Drie dagen later sta ik met mijn koffer bij het ziekenhuis. We beginnen direct met de meting van de doorbloeding, en deze is beter dan vorige keer. Het is nog steeds niet goed, maar wel zo dat de kleine meid alle momenten wel wat krijgt van mij. Ik ben helemaal verbaast!
We spreken af dat het wel belangrijk dat er dagelijks controle is en de tussen oplossing daarvoor is dat ik mee ga doen met het thuismonitoring traject. Wat mooi dat dat kan. Elke dag moet ik zelf thuis een hartfilmpje van haar maken en die opsturen naar het ziekenhuis. Daar wordt het beoordeeld en als het goed is kan ik weer 24uur vooruit.
Als de doorbloeding van mij naar haar echt niet meer goed zou zijn dan is dat terug te zien in het hartfilmpje. Ik vind het helemaal prima, want ik ben allang blij dat ik weer mee naar huis kan.
De eerste dagen is het lastig om de hart filmpjes te maken, maar al snel heb ik door hoe ze ligt en waar ik dus het hartje kan vinden.Zo kunnen we een paar weken vooruit, elke week voor een grote controle naar het ziekenhuis en de rest elke dag thuis.
2 weken na de vruchtwaterpunctie komen de eerste uitslagen binnen, je schrikt toch even als je wordt gebeld. De eerste vraag is of het gelegen komt dat ze nu bellen. Het is namelijk niet de bedoeling dat je deze uitslagen aanneemt in de supermarkt, maar dat je rustig thuis op de bank zit. Gelukkig ben ik thuis, dus kom maar op. De eerste uitslagen zijn goed. Dat betekend geen trisomie 13, 18 of 21.Oke, en wat dan nu? Ze gaan verder zoeken. De vrouw aan de telefoon legt uit dat ze nu specifiek naar deze chromosomen heeft gekeken. Ze gaan nu de rest van de chromosomen bekijken en als daar niks uit komt kunnen ze alle chromosomen ook nog 1 voor 1 helemaal bekijken.
Meer dan afwachten kunnen we niet.
Een week later worden we weer gebeld, ook nu weer de vraag of ze gelegen bellen. Doordat ik rustig aan doe ben ik toch veel thuis, dus ja laat maar weten wat je gevonden hebt.
Het eerste wat ze daarna zegt is: We hebben wel iets gevonden. SCHRIK! Jullie kindje heeft een afwijking aan twee chromosomen. Dit hoort bij een bepaald syndroom die samen gaat met een matige tot ernstige verstandelijke beperking. Whoow, die komt binnen. Ik had dit niet verwacht, ik had nog hoop op een klein schattig meisje. Ineens is die hoop helemaal weg. Je weet nu zeker dat er iets niet klopt. De eerste vraag die ik stel is: kan ze daarmee oud worden? Als uitleg hoor ik iets van dat er wel veel uitdagingen zijn, maar dat het wel zou moeten kunnen. Verder komt er niet veel meer bij mij binnen. De vrouw aan de telefoon heeft dat ook door. Ze geeft aan dat ze informatie voor ons in het patiëntendossier zet en dat ze eind van de middag graag met ons gaat videobellen om alles door te nemen.

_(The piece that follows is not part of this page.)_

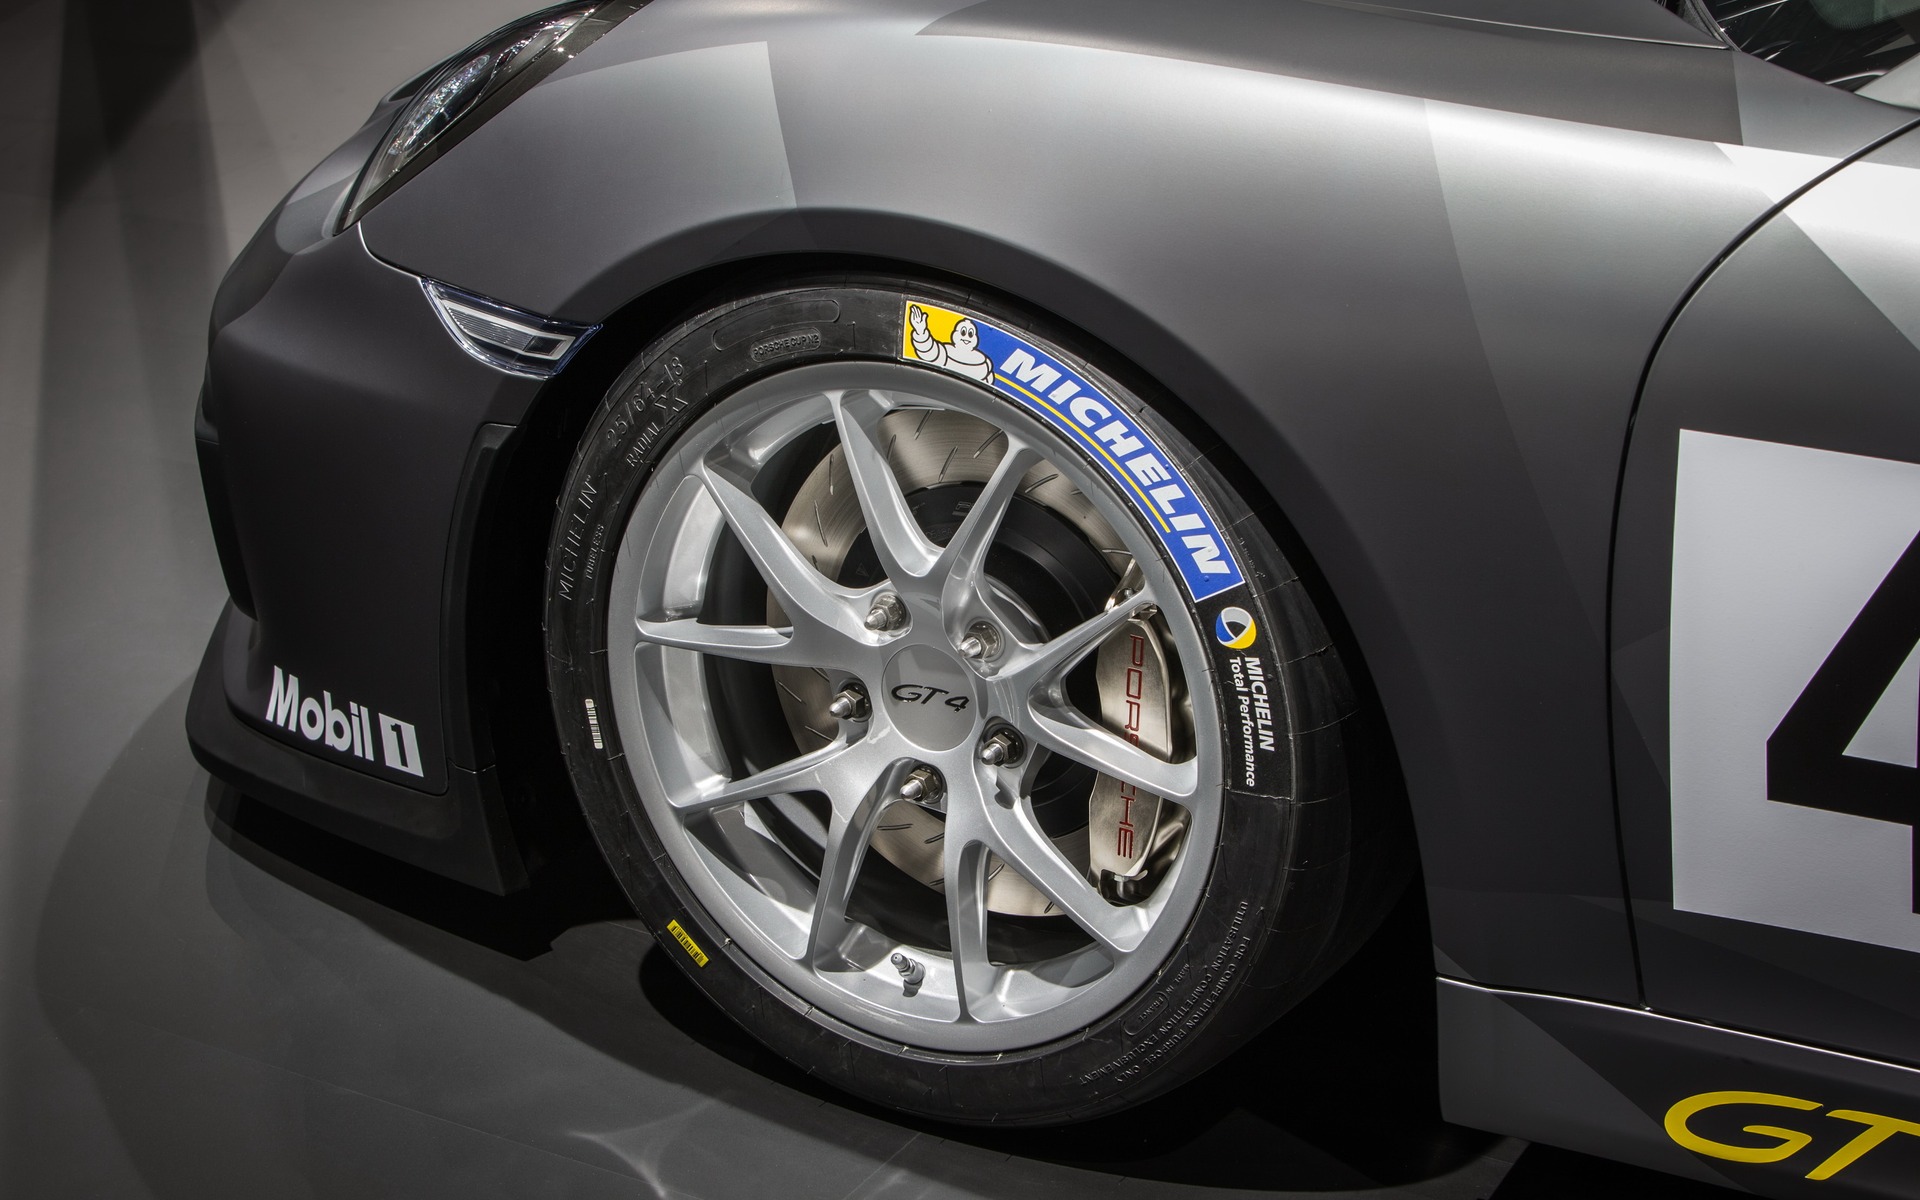 Porsche Cayman GT4 Clubsport - Pneus « slicks » Michelin de course. 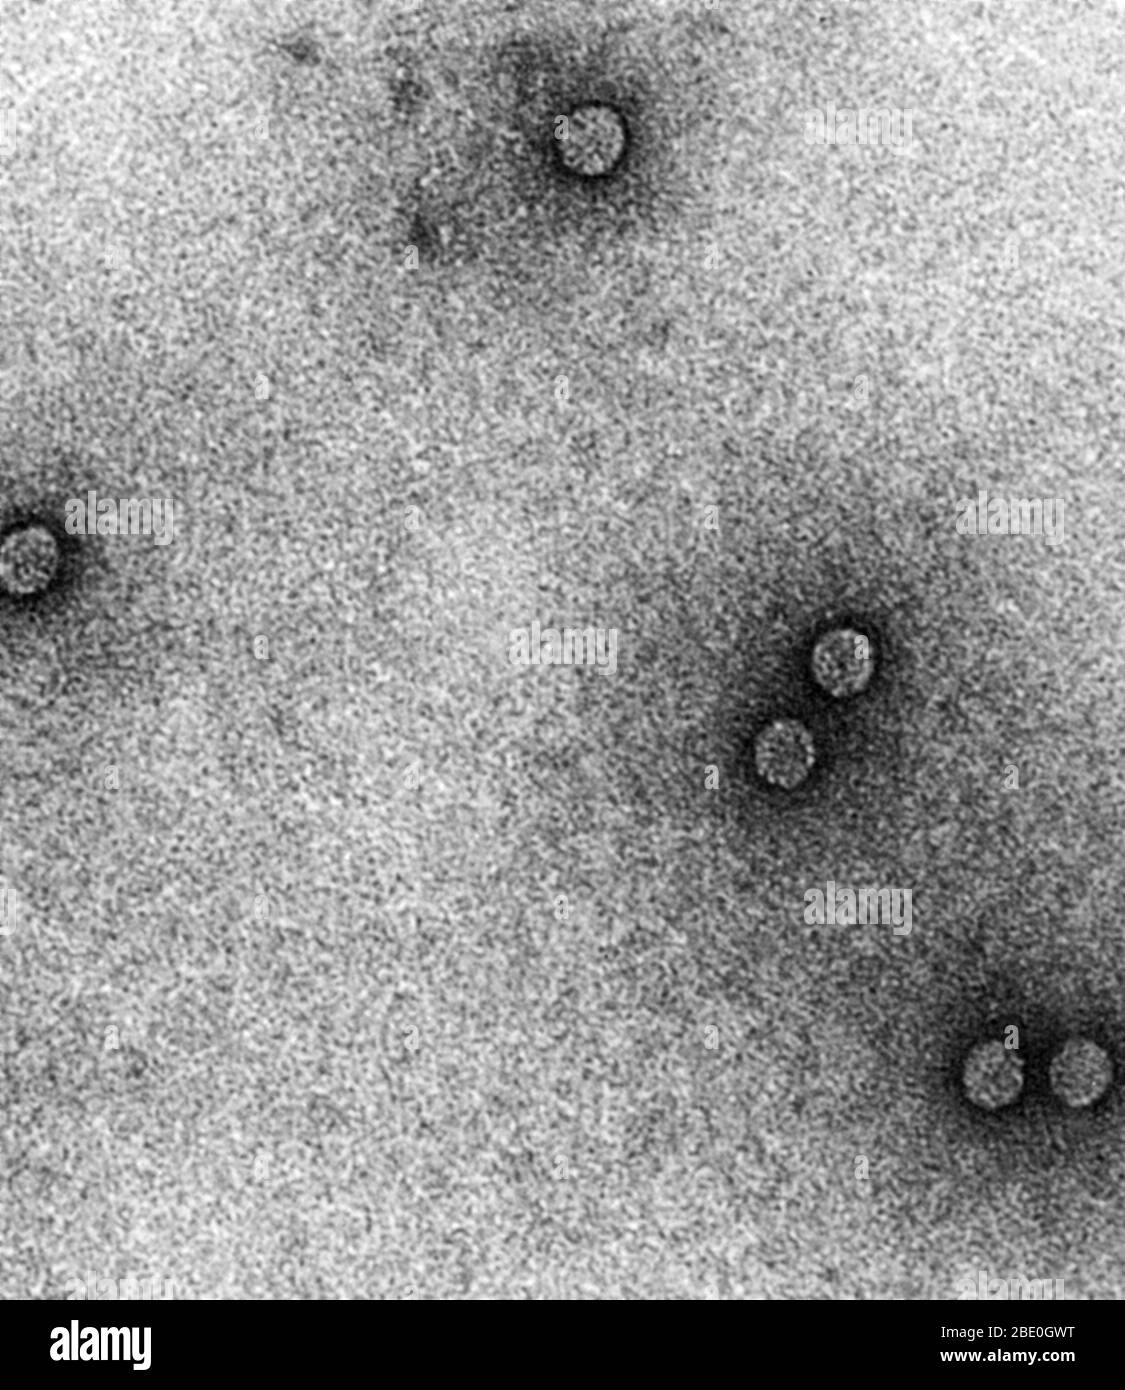 Microscopio elettronico a trasmissione (TEM) di rhinovirus, che provocano il raffreddore comune. Ingrandimento: x200.000. Foto Stock

Ik blijft aan tafel zitten en kan even alleen nog maar huilen. Misschien komt dat ook door mijn ervaringen in mijn werk, ik weet heel goed wat dit betekend. Maar al snel herpak ik mezelf. We kunnen er niets aan veranderen, maar we hebben nog steeds liefde genoeg! En misschien moet het wel zo zijn dat ze bij ons geboren wordt, omdat ik door mijn ervaring haar goed zou kunnen helpen. Ik besluit me te gaan voorbereiden op het gesprek van die middag.
Sientje87
Mag ik vragen welk syndroom? Ook het stickler syndroom?